NCAA's new proposal could help ensure its survival if Congress gets on board
If you told any athletics director at a power-conference school that for $15 million per year, they would never have to worry about revenue sharing, making players employees or collective bargaining with their athletes, they would take it in an instant and never look back.
Based on the framework of a proposal that NCAA president Charlie Baker sent to schools on Tuesday, it might not even cost that much.
While it’s a huge deal that the NCAA is ready to acknowledge the inevitability of paying athletes in the current legal environment around college sports, what the NCAA actually put on the table is not revolutionary. And it certainly shouldn’t be viewed as satisfactory in the larger sense of what's fair for athletes.
But it might just be enough to get a deal done with Congress.
The specifics are not completely filled in, but there are two key basic points:
The first would be allowing schools to bring their name, image and likeness operations in-house and make marketing deals with athletes directly. This would essentially formalize and legalize what is already going on in the shadows with booster collectives that are kinda-sorta but not really supposed to be working as a go-between for schools to make deals with athletes.
The second piece would be forming a new subdivision within Division I athletics where schools would be required to put at least $30,000 per year into a trust fund for at least half of their scholarship athletes. Some athletes could get more, and it's unclear how schools would determine who is and isn't eligible for the payments, but schools would have to ensure 50 percent of the money goes to women in order to comply with Title IX.
The bottom line is that a major conference athletic department with around 500 scholarship athletes — some have more, some have less — would only need to spend about $7.5 million more to be part of the new subdivision. If it decided to fund the trust for all of its athletes, it would be $15 million. If, let’s say, it bumped it to $50,000 annually, you’re talking $25 million.
MORE:What does the NCAA proposal to pay players mean for college athletics?
Big numbers, to be sure.
But when we just watched Texas A&M commit $77 million to fire football coach Jimbo Fisher and even a football agnostic school like Indiana pay $15 million to get rid of Tom Allen, this is not a game-changing amount of money.
The schools will find it — especially if it means getting what they want on Capitol Hill.
For years, attempts by the NCAA to wrangle some type of bill through Congress that would regulate NIL and protect the NCAA from more legal challenges that might result in revenue sharing and employment status for athletes, have stalled.

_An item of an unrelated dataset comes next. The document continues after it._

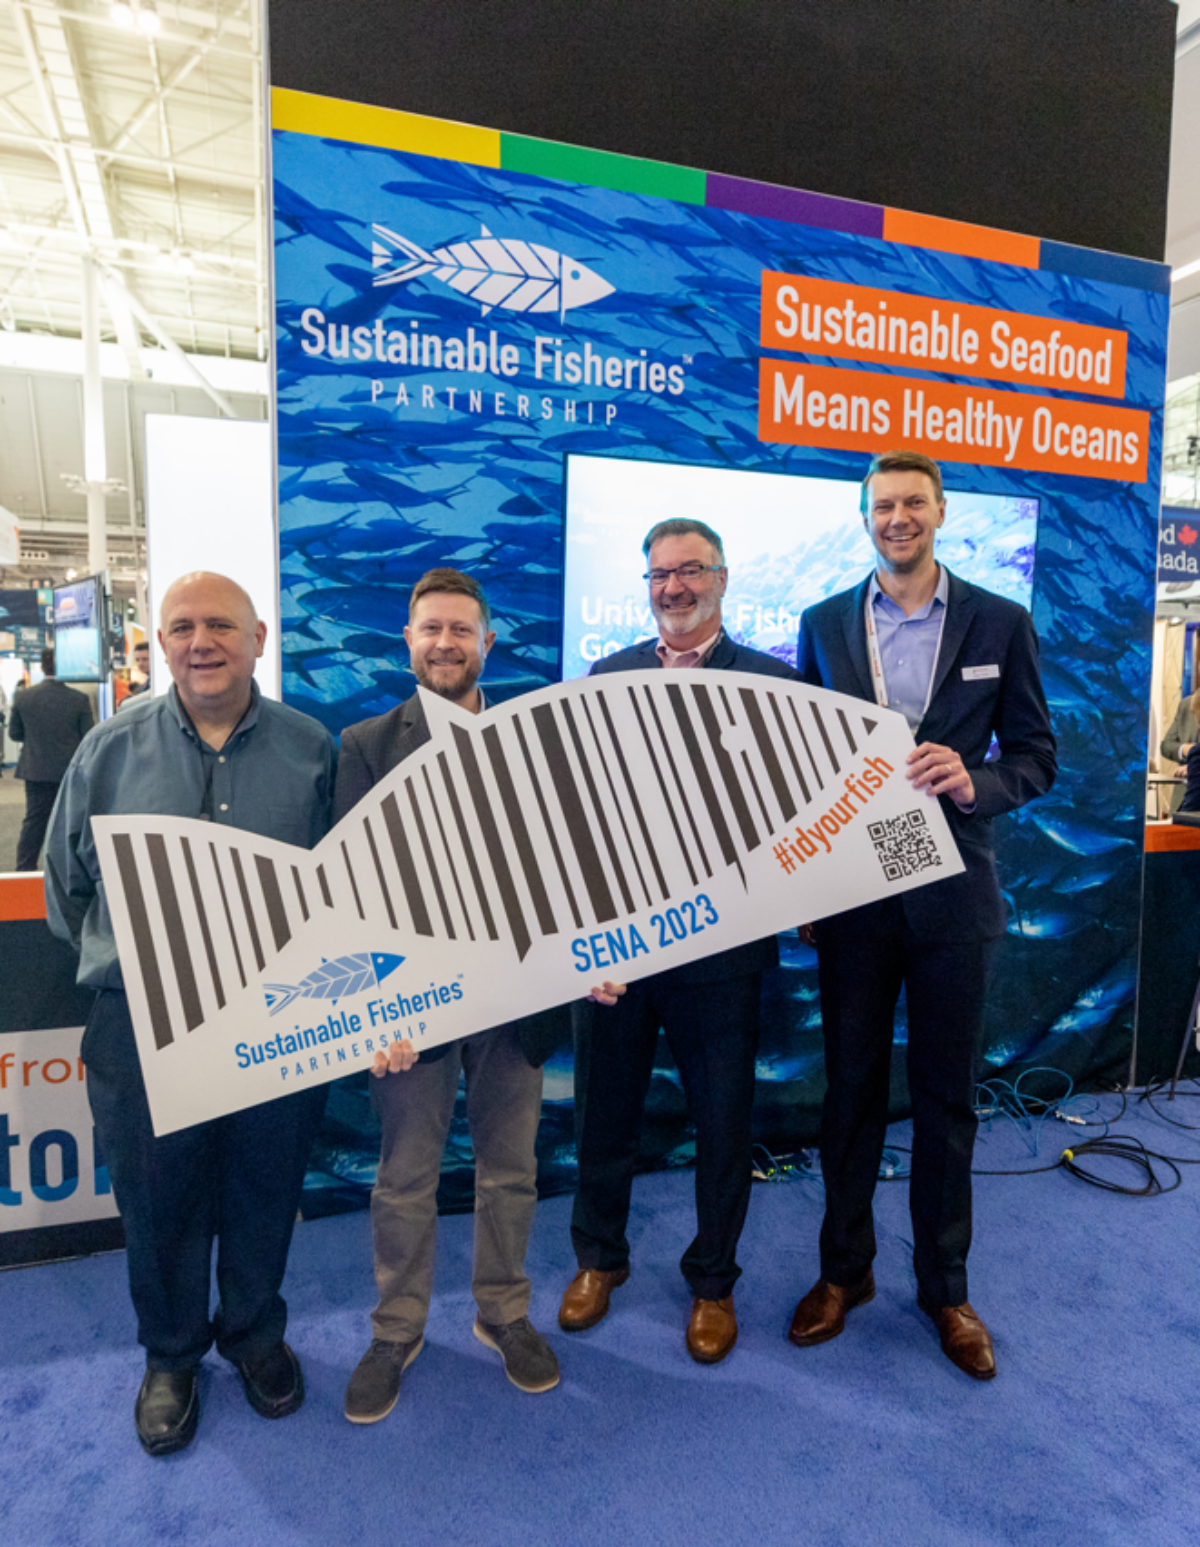 Fishery IDs pilot project participants with big fish at Seafood Expo North America

Baker, the former governor of Massachusetts, was hired specifically to work the political side of keeping the NCAA alive. Without some type of help from Congress, there is real legal exposure that could potentially result in a splintering of the NCAA or even a full-on implosion.
What Baker’s proposing could be the last, best effort to keep the Ohio States and Texases of the world under the same umbrella as the Virginia Commonwealths and Bethune-Cookmans, even if they are playing by different rules for the same championships.

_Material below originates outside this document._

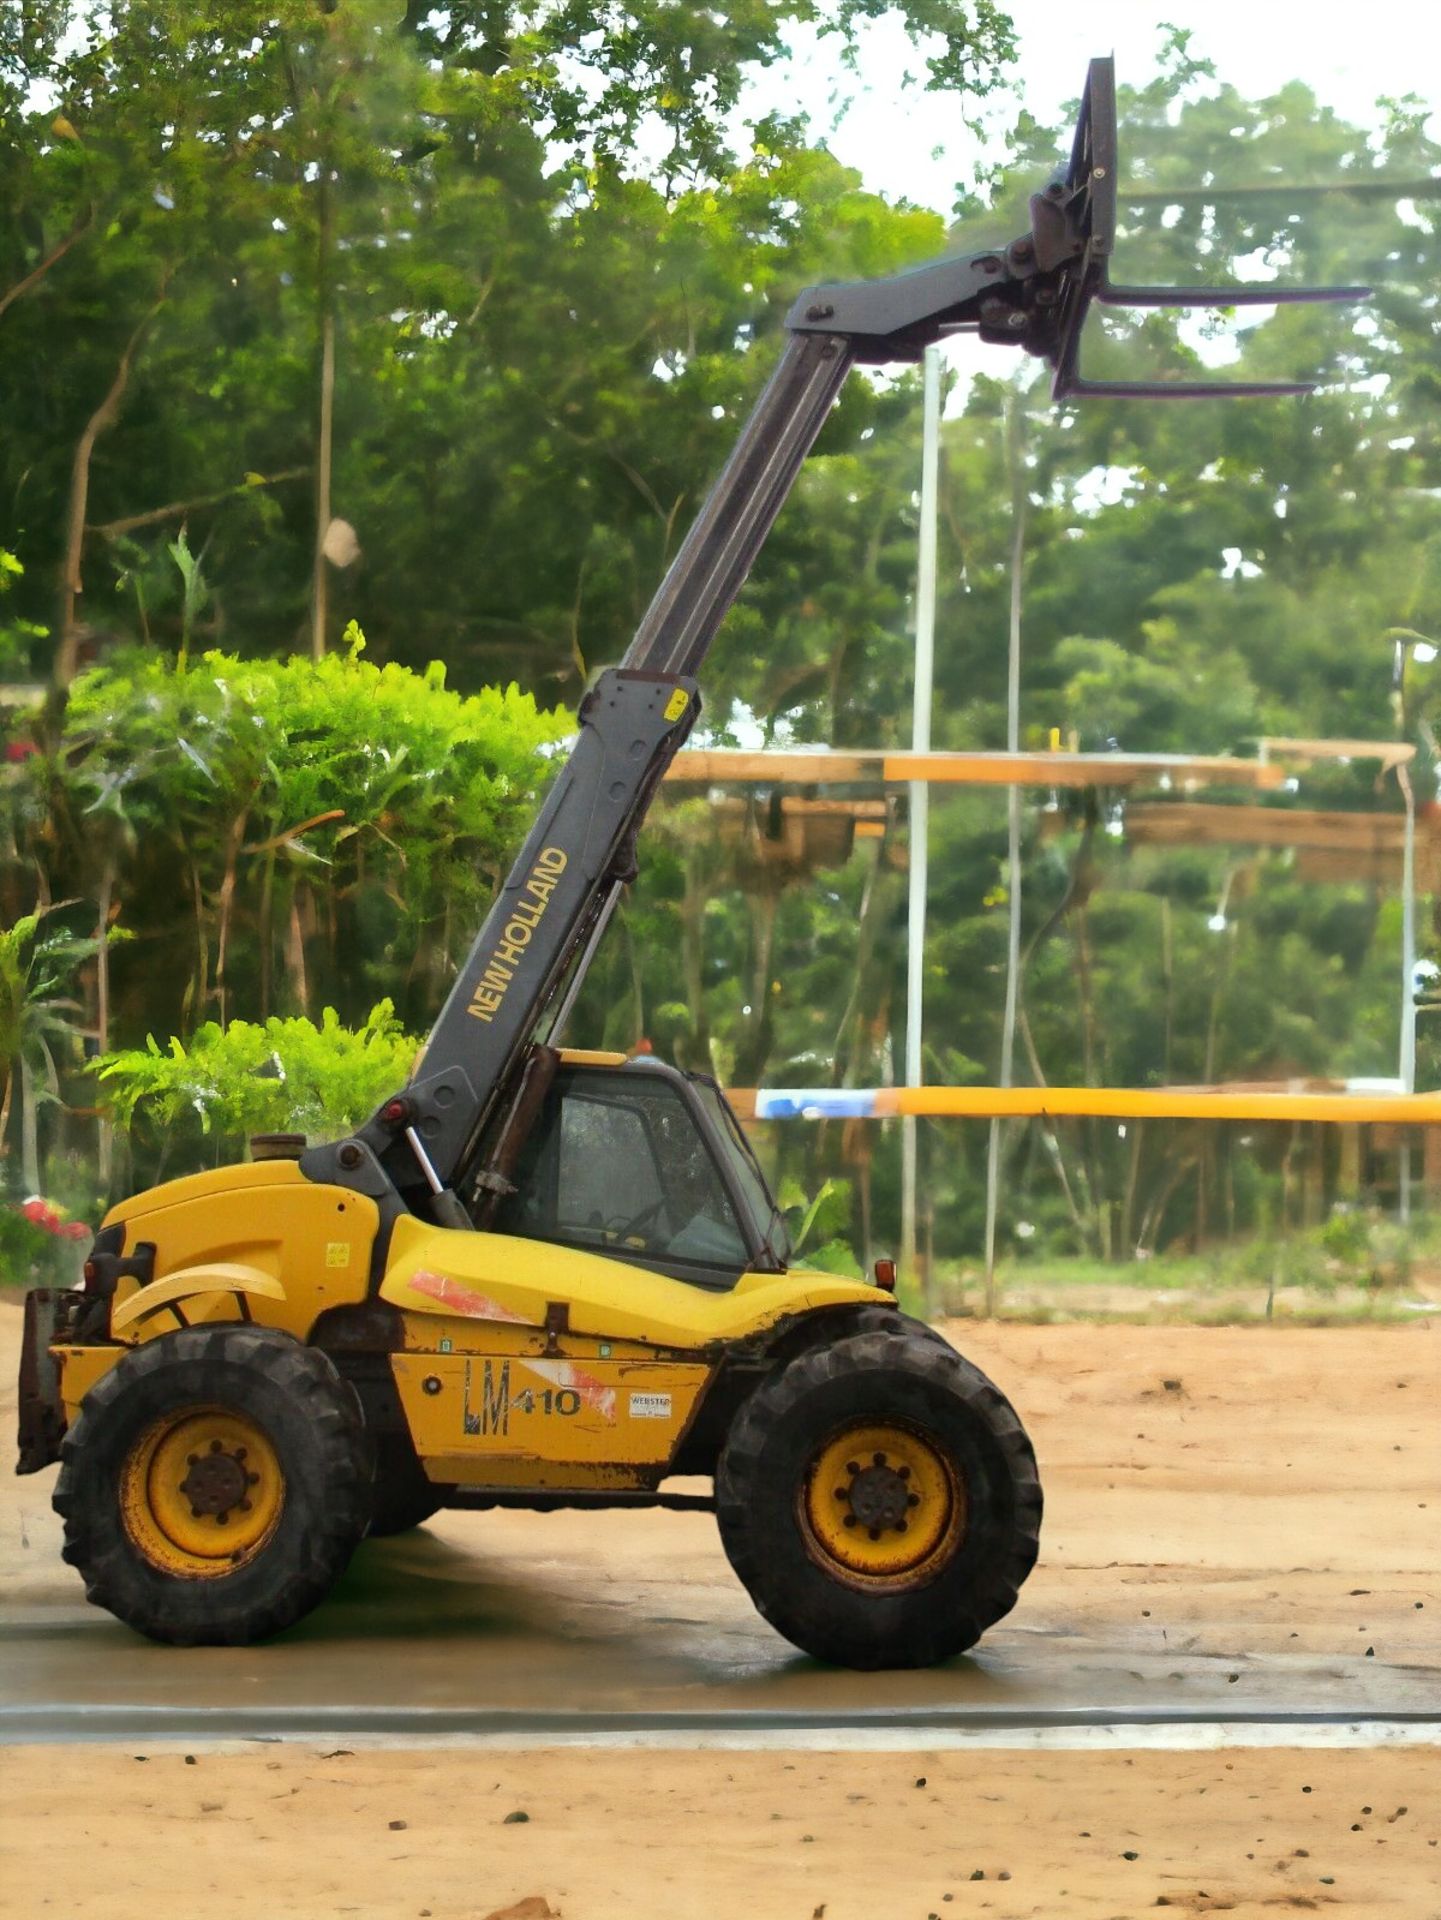 NEW HOLLAND LM410 TELEHANDLER - POWER, PRECISION, AND PERFORMANCE - Image 6 of 10

But it also seems like the kind of thing that could be key to a larger deal with Congress.
It seems highly unlikely that Baker, who has been a consistent presence in D.C., released this without getting a sense of how it would be received by the people whose support he needs to get an NCAA-friendly law passed.
As with most things in Congress, there have been deep divides about what kind of bill could pass. Getting to 60 votes in the Senate is tough, even on issues where there's a lot of agreement across party lines.

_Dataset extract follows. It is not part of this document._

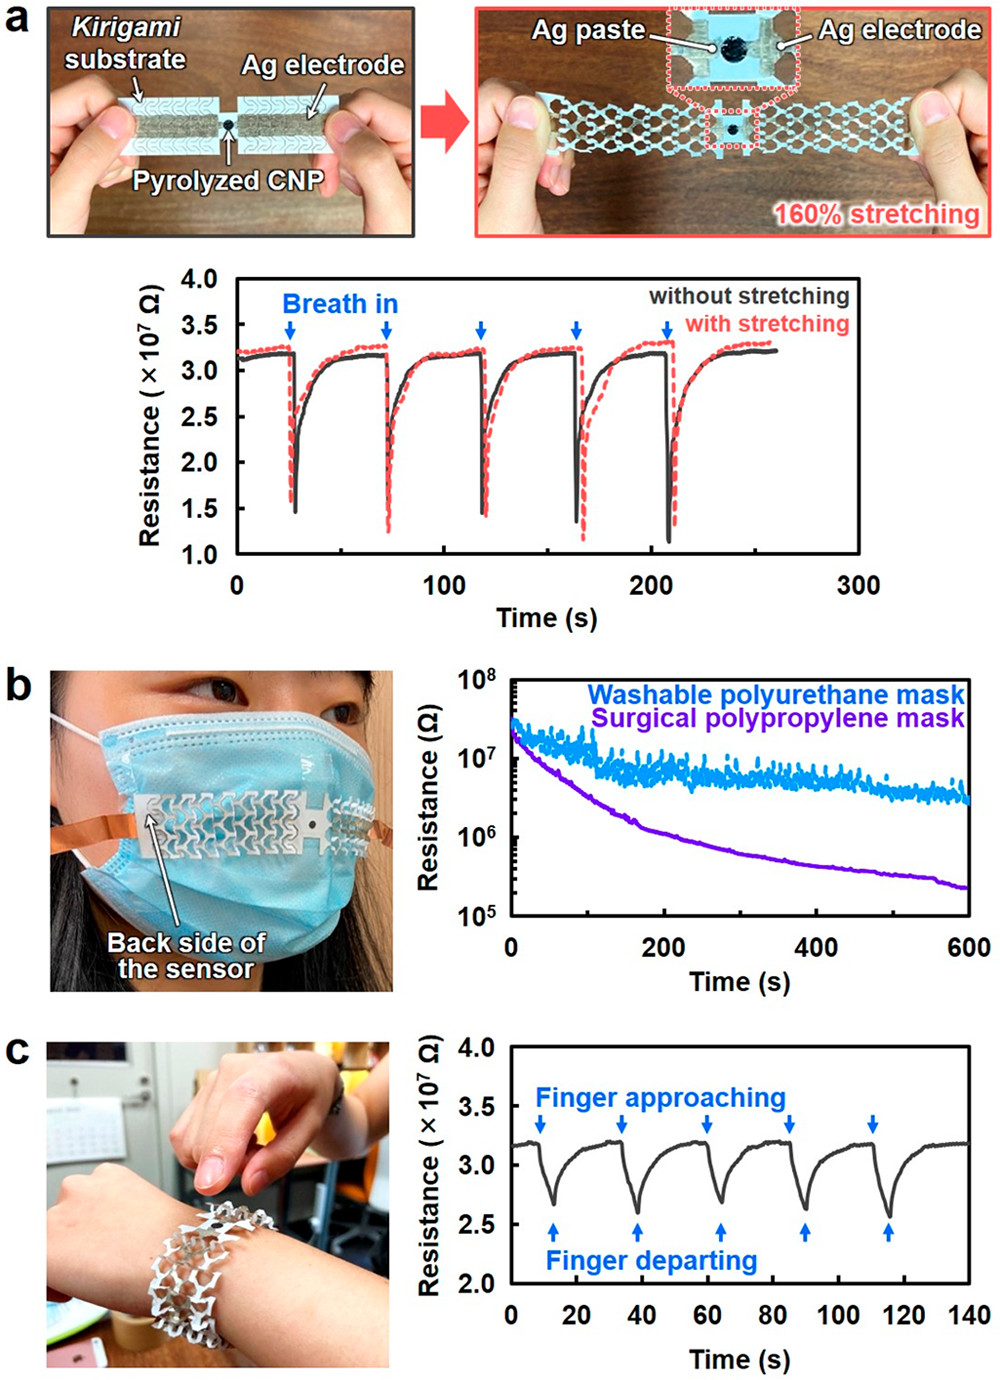 Stretchable and wearable sensor devices based on the pyrolyzed cellulose nanofiber paper (CNP) sensor and kirigami paper substrate. (a) Optical images of the sensor device and water vapor sensing in exhaled human breath before and after stretching, demonstrating the (b) monitoring of human exhalation-derived water vapor leaked from the face masks and (c) detection of skin moisture upon an approaching finger. The finger approaches close to ~5 mm to the pyrolyzed CNP sensor and is held for 5 s, followed by departing away from the sensor.

When there have been hearings, they’ve ranged from comical to completely off the rails. The last time NCAA leaders went in front of the Senate Judiciary Committee, a few members decided to use their time for political grandstanding on pet issues like transgender athletes or pro-Palestinian protests on college campuses. It’s generally been a joke and a waste of time.
But you can sort of see how this proposal might close the gap on some of the issues that both Democrats and Republicans might want in a big college sports bill. It significantly increases athlete compensation while potentially giving the NCAA or conferences more ability to regulate the NIL environment without the threat of lawsuits.
If the NCAA can extract those protections from Congress and codify them into law, it ensures the organization’s long-term future without the looming threat of the next big case that’s going to potentially bankrupt it, upend the entire model or turn athletes into employees.
The NCAA would take that in a heartbeat.
Schools are tired of operating in the realm of uncertainty about what’s allowed in NIL and what might be coming down the pike next. At this point, they just want to know the rules of the road and will do what they have to do to comply.
For power-conference schools whose budgets range from $250 million down to the $90 million range, diverting $15 million or $20 million to stave off the potential of revenue sharing and collective bargaining would be a great deal. They could stay in the NCAA with the power to essentially play by their own rules and not worry about getting hauled into court.
It will be more of a strain for schools outside the Power Five, and some may not come along to this new subdivision. It will undeniably formalize the split between haves and have-nots in college sports, but that was playing out every day in the real world anyway.
And, of course, it would benefit athletes in a substantial way, including women and those who don’t play revenue-generating sports.
But it’s also a long-awaited admission from the NCAA that it’s time to cut its losses and finally make a deal. If Baker can push this through while also getting Congress to ensure that schools will never have to deal with a players’ union or pay players their fair market value, he’ll be the most important figure in the modern history of the NCAA.